• **WHAT TO PRODUCE**:
Nothing but a verbatim copy of the data, minus the images, should be returned.

• **RECORDS FOR THIS EXERCISE**:
--- START ---
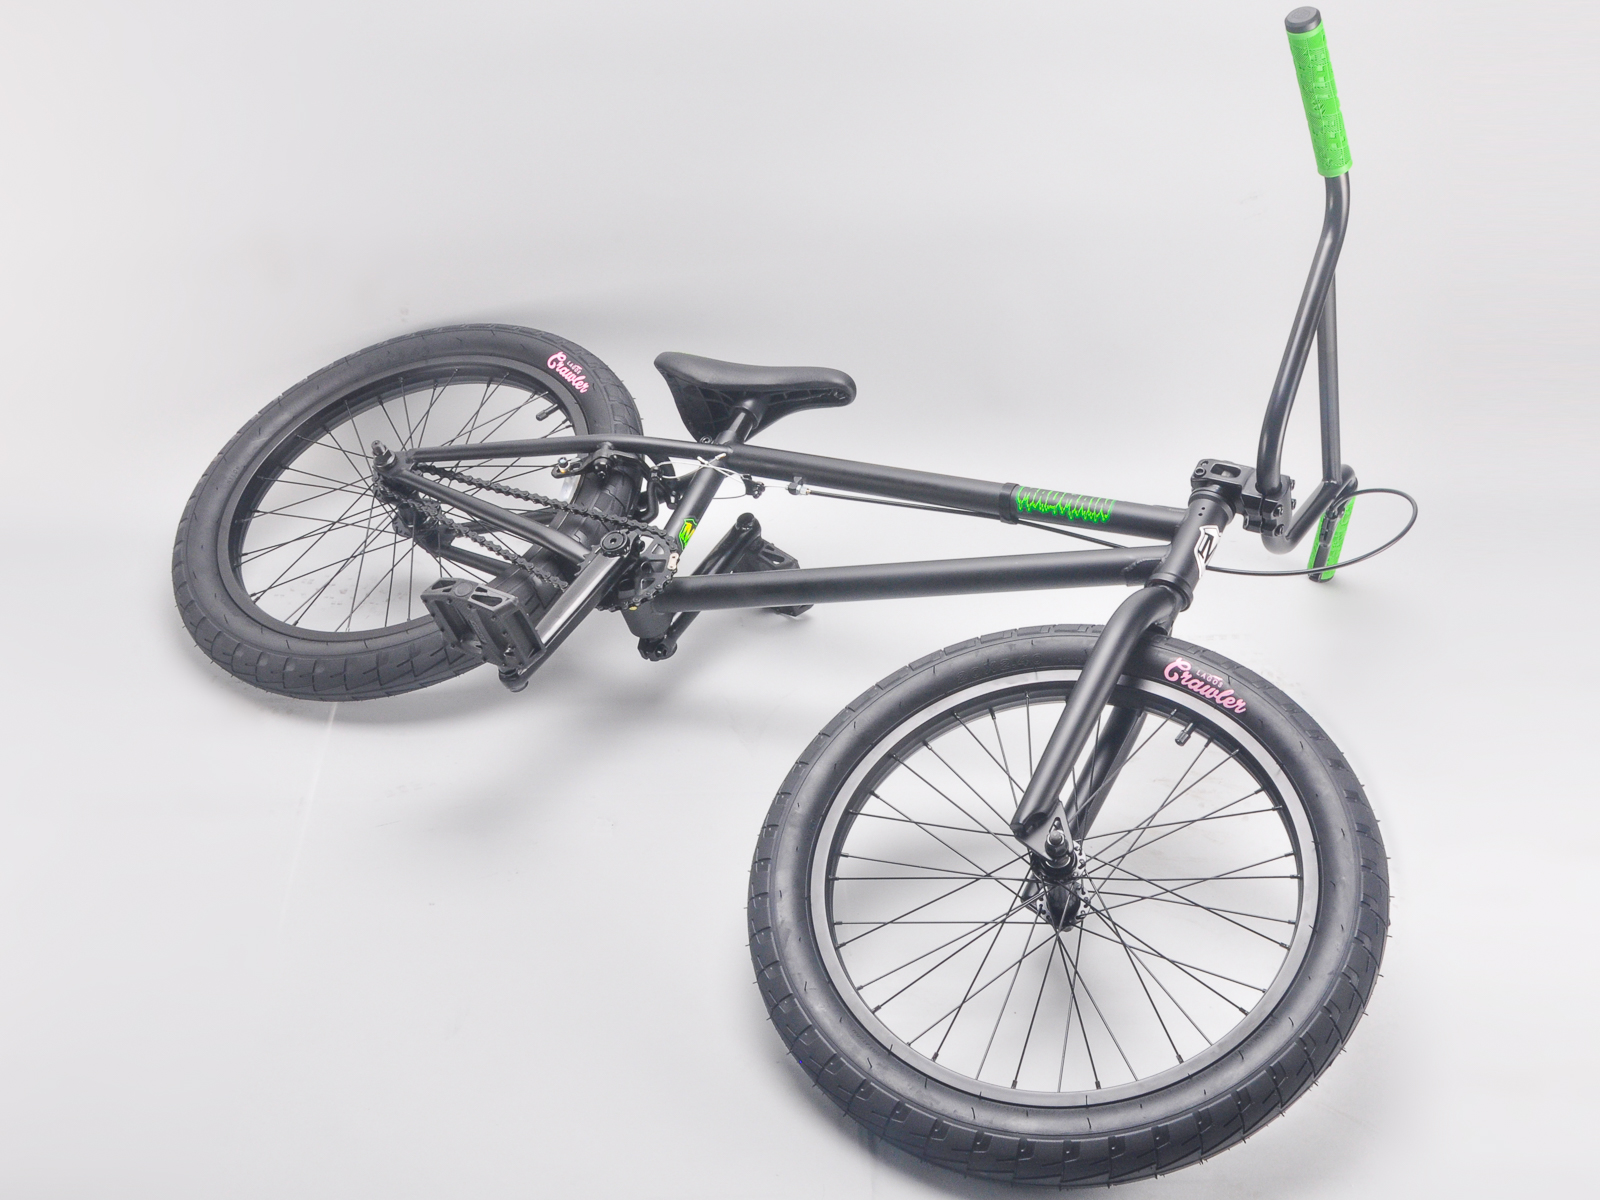 20 zoll mafiabikes bmx bike madmain verschiedene. Black Bedroom Furniture Sets. Home Design Ideas
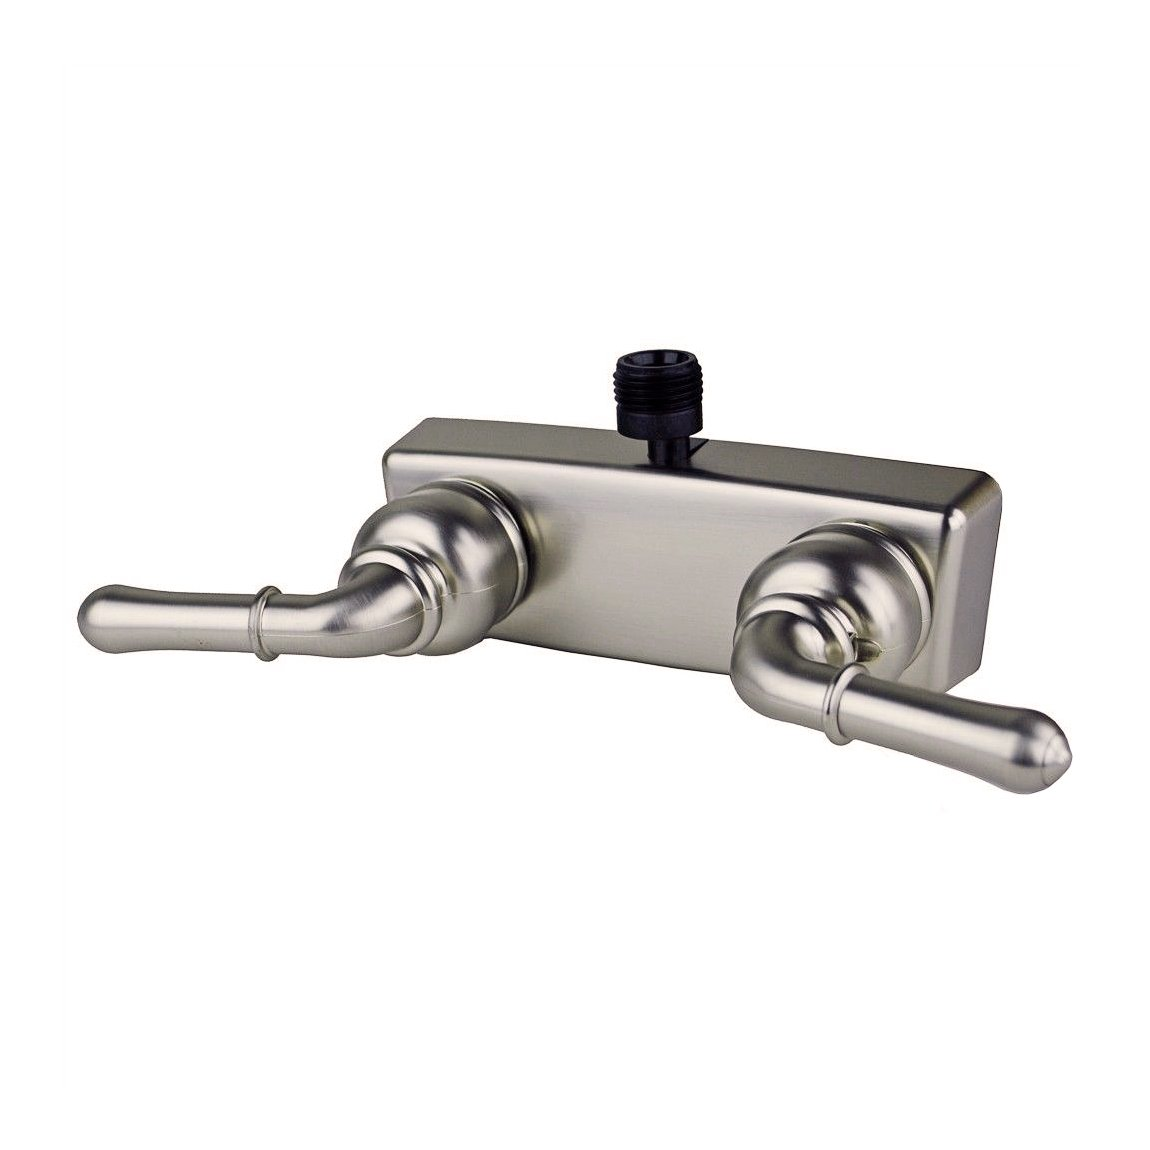 RV / Mobile Motor Home Shower 4' Shower Faucet, Brushed Nickel HowPlumb
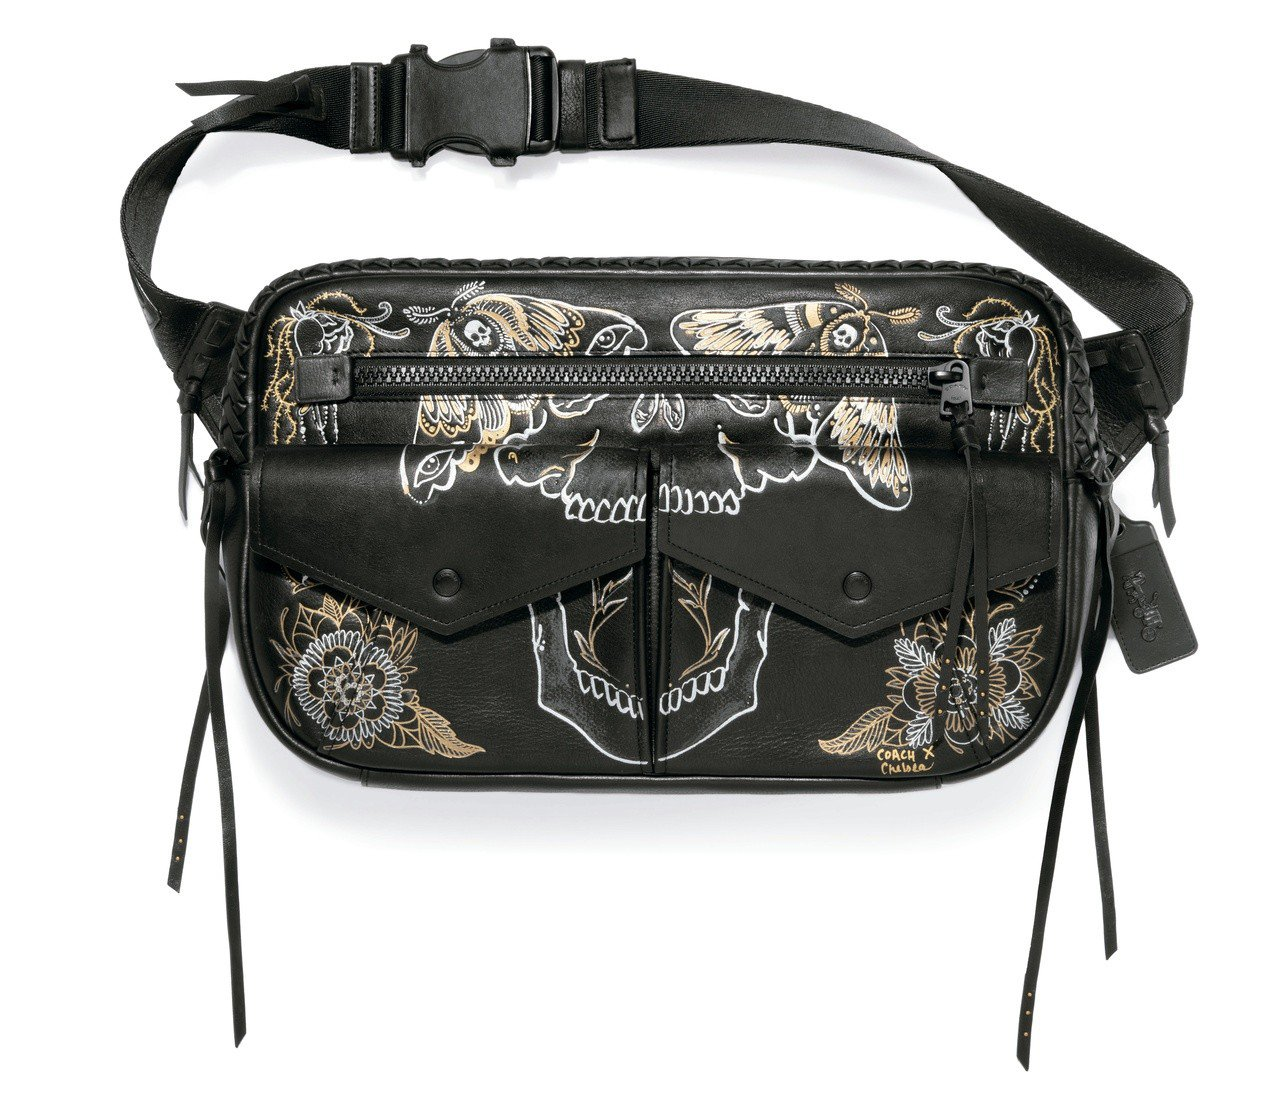 COACH刺青腰包,售價25,800元。圖/COACH提供
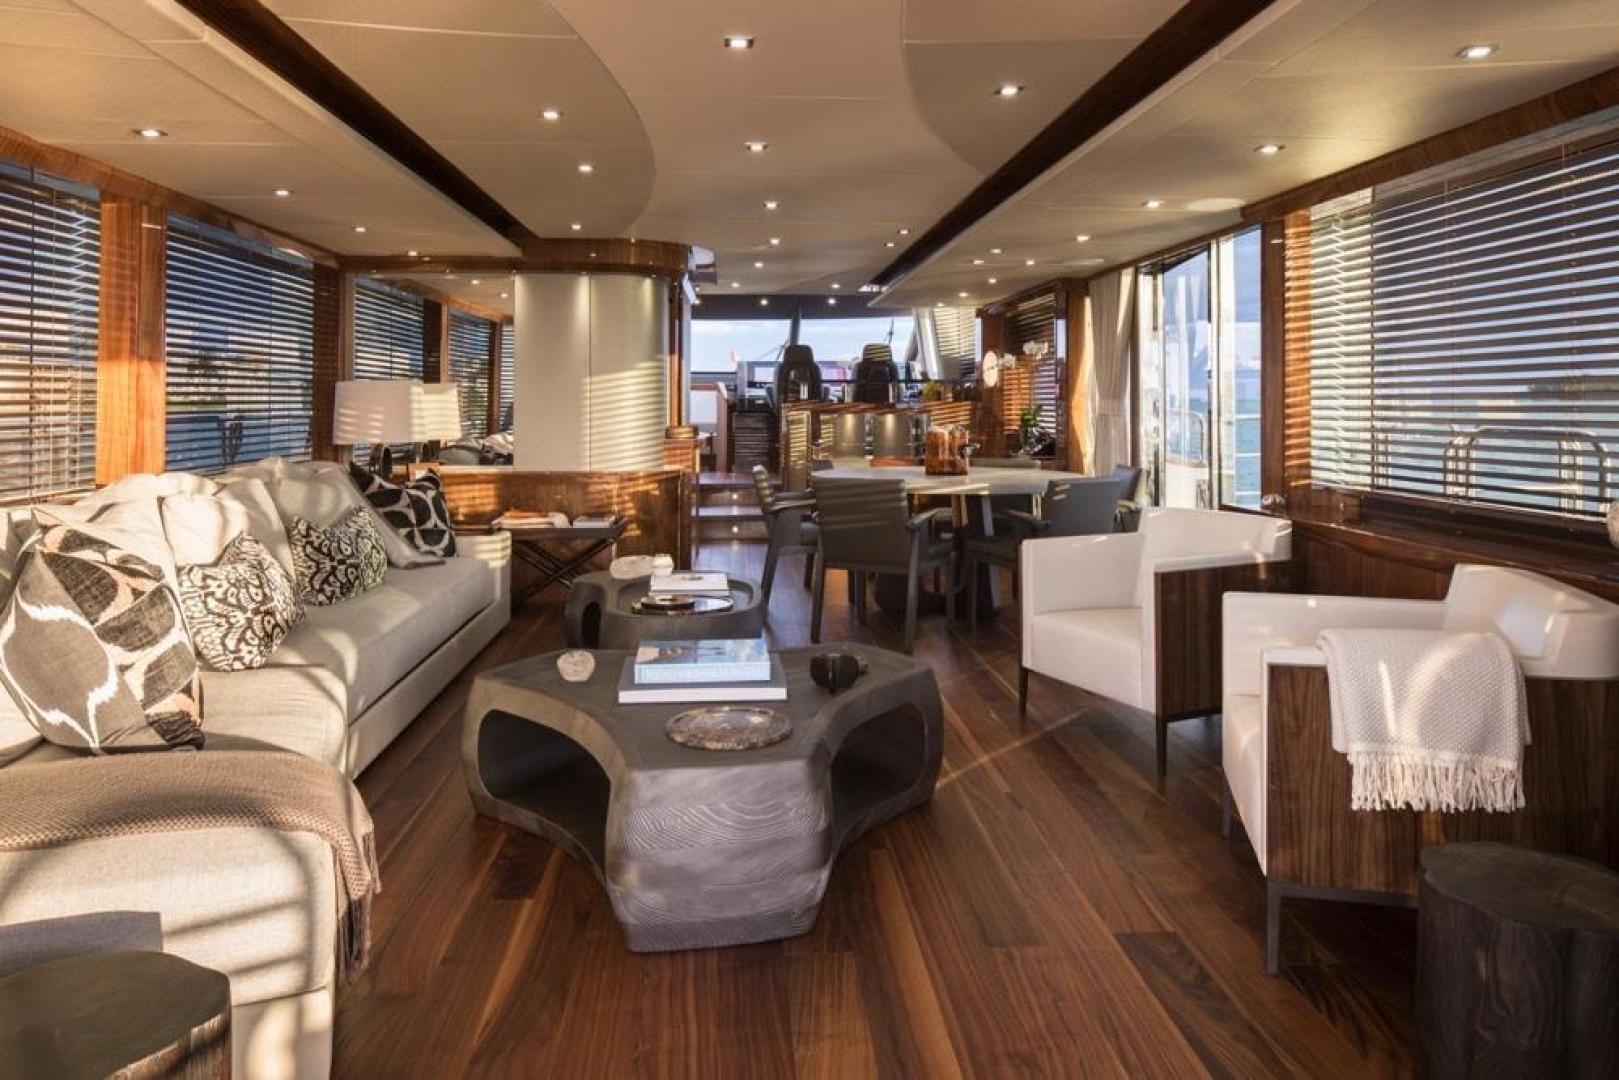 Sunseeker-28 Metre Yacht 2016-RIII Miami-Florida-United States-2016 SUNSEEKER 92 RIII FOR SALE-600093 | Thumbnail
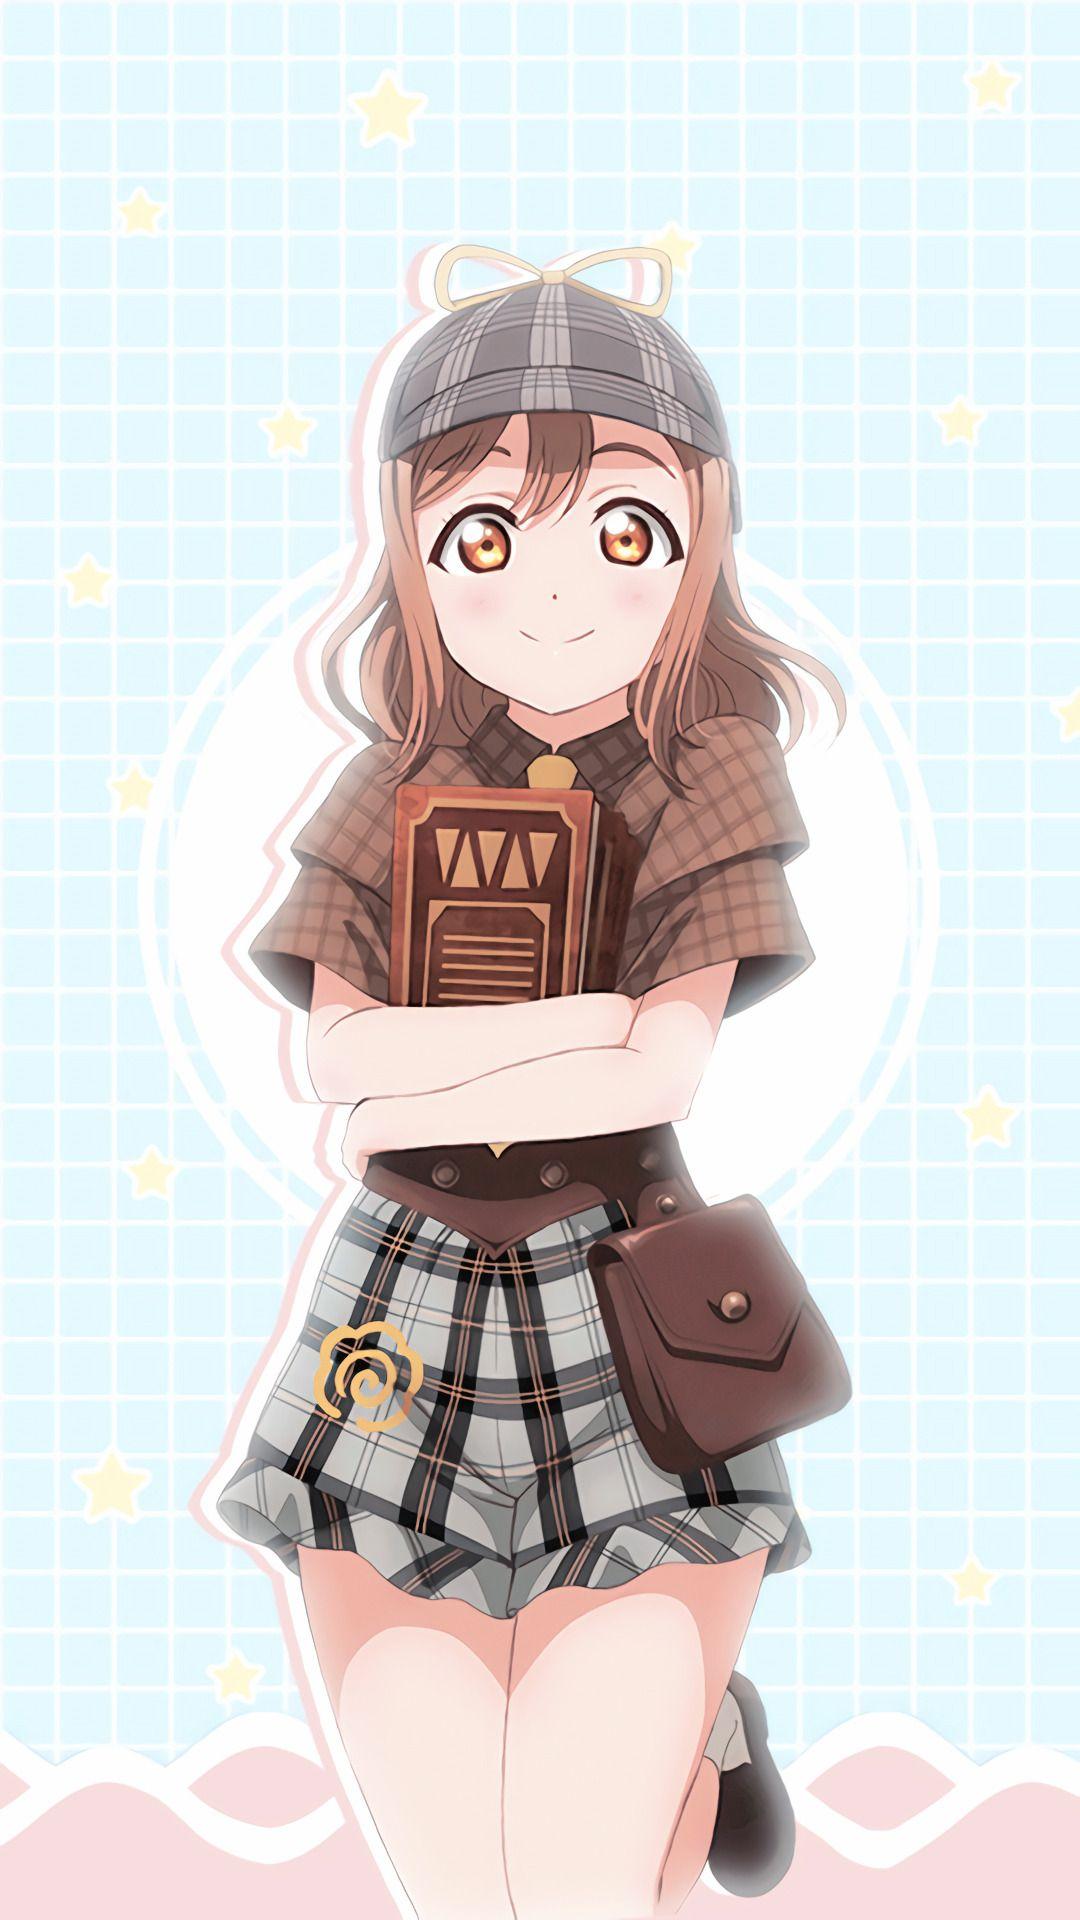 Tumblr virtual girl anime chibi manga anime anime art character design girl
--- END ---
• **RESPONSE**:
 20 zoll mafiabikes bmx bike madmain verschiedene. Black Bedroom Furniture Sets. Home Design Ideas
 RV / Mobile Motor Home Shower 4' Shower Faucet, Brushed Nickel HowPlumb
 COACH刺青腰包,售價25,800元。圖/COACH提供
 Sunseeker-28 Metre Yacht 2016-RIII Miami-Florida-United States-2016 SUNSEEKER 92 RIII FOR SALE-600093 | Thumbnail
 Tumblr virtual girl anime chibi manga anime anime art character design girl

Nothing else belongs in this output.